1. A simple method for detecting the content of non-deuterated compounds in the deuterated drug deuterated remidevir hydrobromide based on infrared spectroscopy, characterized in that, Includes the following steps: (1) A series of deuterated remdesivir hydrobromide samples with different non-deuterated content were prepared by mixing deuterated remdesivir hydrobromide reference standard and non-deuterated reference standard; (2) Divide these samples into a calibration set and a validation set; (3) Infrared spectral data of the calibration set and the validation set were collected using an infrared spectrometer; (4) Perform spectral preprocessing on the collected infrared spectral data; the maximum-minimum normalization method is used for preprocessing in step (4); (5) Select specific infrared wavenumbers as feature variables and establish a calibration model using partial least squares regression; the infrared wavenumbers selected in step (5) are 692.3, 696.7, 716.9, 717.4, 717.9, 718.4, 718.8, 719.3, 719.8, 720.3, 720.8, 767.5, 768.0, 768.5, 769.0, 770.4, 771.9, 772.4, 772.8, 773.8, 774.8, 775.2, 794.5, 795.5, 796.0, 797.4, 797.9, 798.4, 798.9, 799.8,802.2, 802.7, 803.7, 804.2, 804.7, 806.1, 821.0, 821.5, 822.5, 823.0, 823.5,824.4, 834.1, 835.5, 836.0, 836.5, 837.4, 1068.9, 1172.5, 1173.5, 1174.0,1174.4, 1174.9, 1175.4, 1222.2, 1222.6, 1223.1, 1223.6, 1224.1, 1225.1,1226.0, 1226.5, 1227.0, 1227.5, 1228.4, 1228.9, 1229.9, 1230.8, 1231.3,1231.8, 1279.5, 1281.5, 1281.9, 1283.4, 1295.4, 1295.9, 1296.9, 1297.4,1298.3, 1299.8, 1300.3cm -1 ; (6) Validate the established calibration model using cross-validation or a validation set; (7) By importing the infrared spectrum of the sample to be tested with unknown non-deuterated content into the calibration model, the content of non-deuterated content in the sample to be tested can be calculated. The chemical structures of the aforementioned deuterated remidevir hydrobromide and its corresponding non-deuterated derivatives are shown below: 。 2. The method according to claim 1, characterized in that, The sample in step (1) is a deuterated remidevir hydrobromide sample containing 0.8% to 5.0% of non-deuterated compounds.
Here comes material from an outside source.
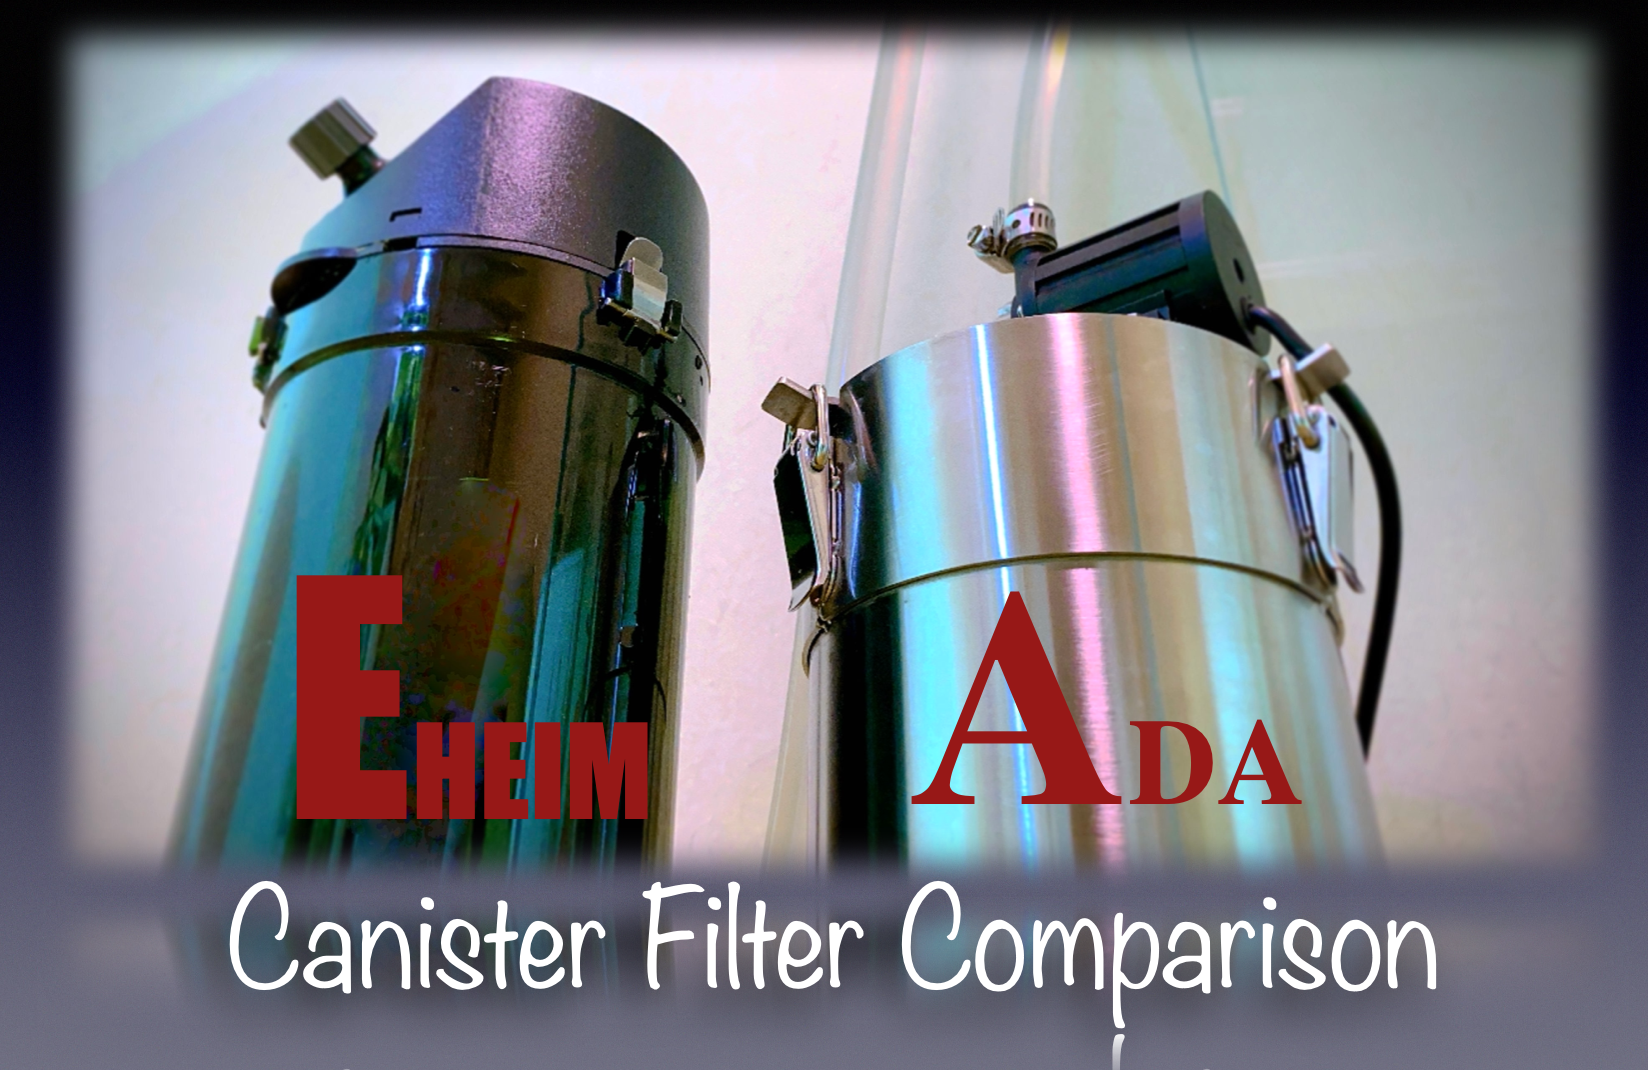 EHEIM vs ADA Canister Filter Comparison
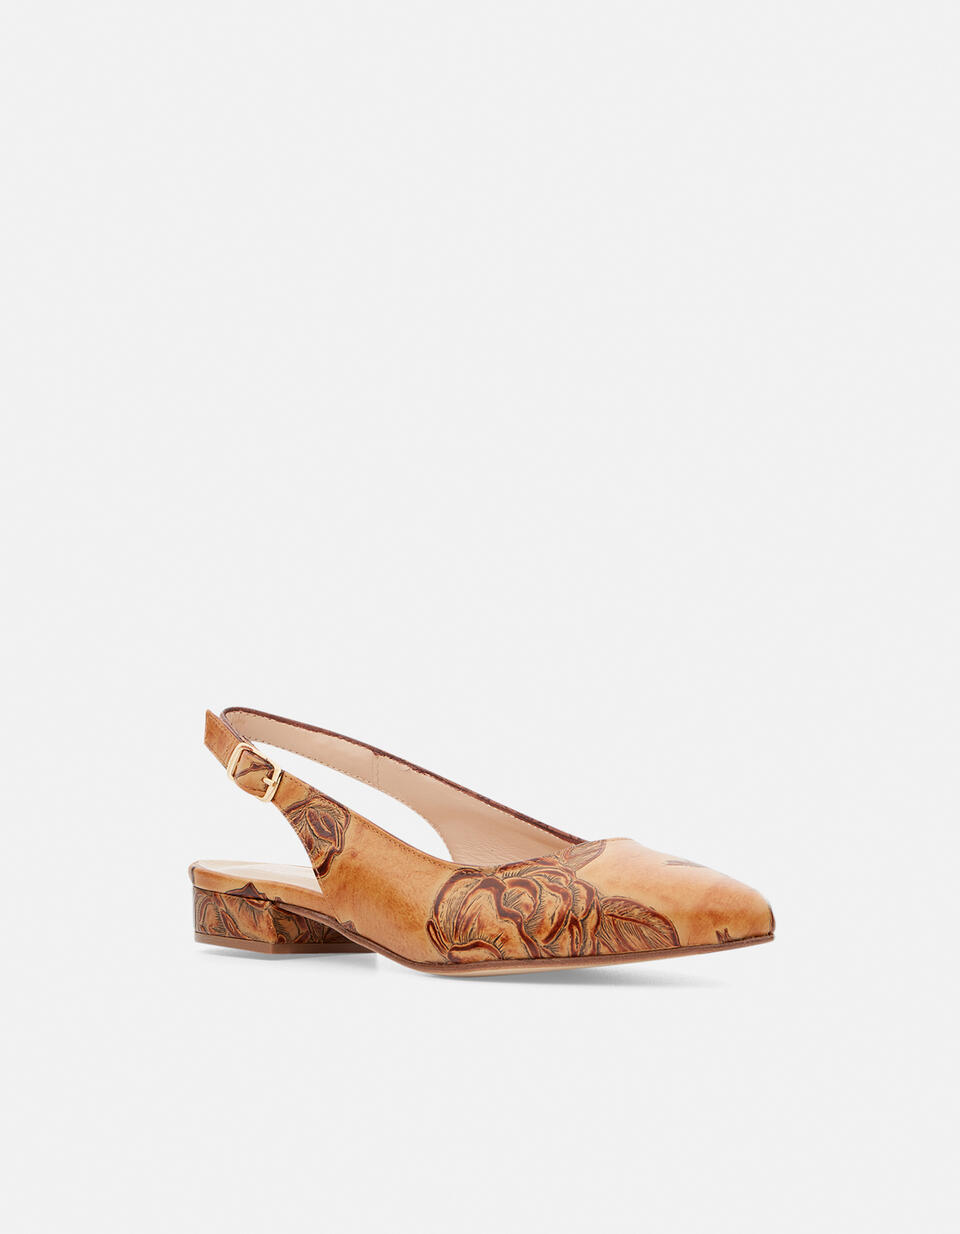 Slingback Mimi BEIGE  - Women Shoes - Shoes - Cuoieria Fiorentina

3. The method according to claim 1, characterized in that, In step (2), the samples are divided into a calibration set and a validation set in a ratio of 4:1 to 1:

1.

4. The method according to claim 3, characterized in that, In step (2), the samples are divided into a calibration set and a validation set in a 2:1 ratio.

5. The method according to claim 1, characterized in that, In step (3), the infrared spectrum acquisition mode is attenuated total internal reflection, and the infrared spectrum acquisition range is 4000~550 cm⁻¹. -1 The resolution is 4 cm. -1 The number of scans is 16 to 64.

6. The method according to claim 5, characterized in that, The number of scans was 32.